В большинстве клеток позвоночных большинство гликосфинголипидов (GSLs) локализованы во внешнем листке плазматической мембраны, образуя микродомены (1-3). Концепция микродоменов возникла в результате многочисленных исследований в течение двух десятилетий. Четыре направления исследований были особенно важными: ( i ) кластеризация GSL (4), ( ii ) нерастворимые в детергенте свойства кластеризованных GSL (5), ( iii ) ассоциация сигнальных преобразователей с комплексом гликозилфосфатидилинозитола ( GPI) -защищенные белки, GSL и кавеолин (6, 7) и ( iv ) поляризованное присутствие микродоменов на апикальной поверхности клетки (8).Смеси микродоменов по-разному называются нерастворимой в детергенте мембраной (DIM) (5), обогащенной гликолипидом мембраной (9), кавеолами (10) или рафтом (1).

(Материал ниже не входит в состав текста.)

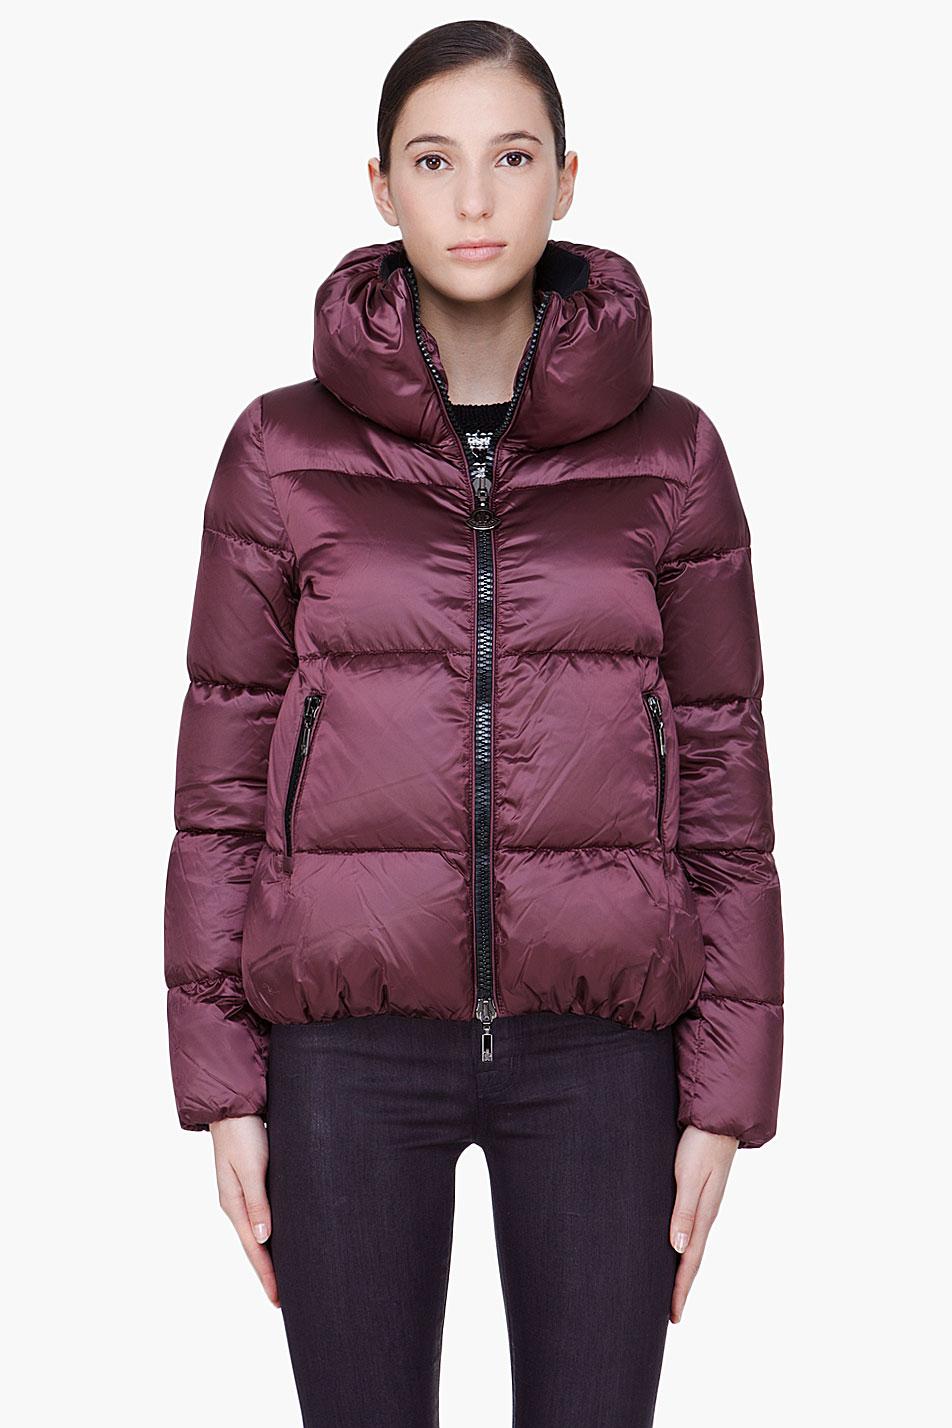 Lyst moncler burgundy padded erable jacket in purple

GSLs в микродоменах выполняют множество функций (например, рецепторы токсинов, клеточную адгезию, модуляторы роста клеток и инициаторы передачи сигнала) (11–14). Интересно, что киназы семейства Src во внутренней створке микродомена могут быть активированы посредством поверхностных доменов GSL (для обзора см. Ссылки 13 и 14).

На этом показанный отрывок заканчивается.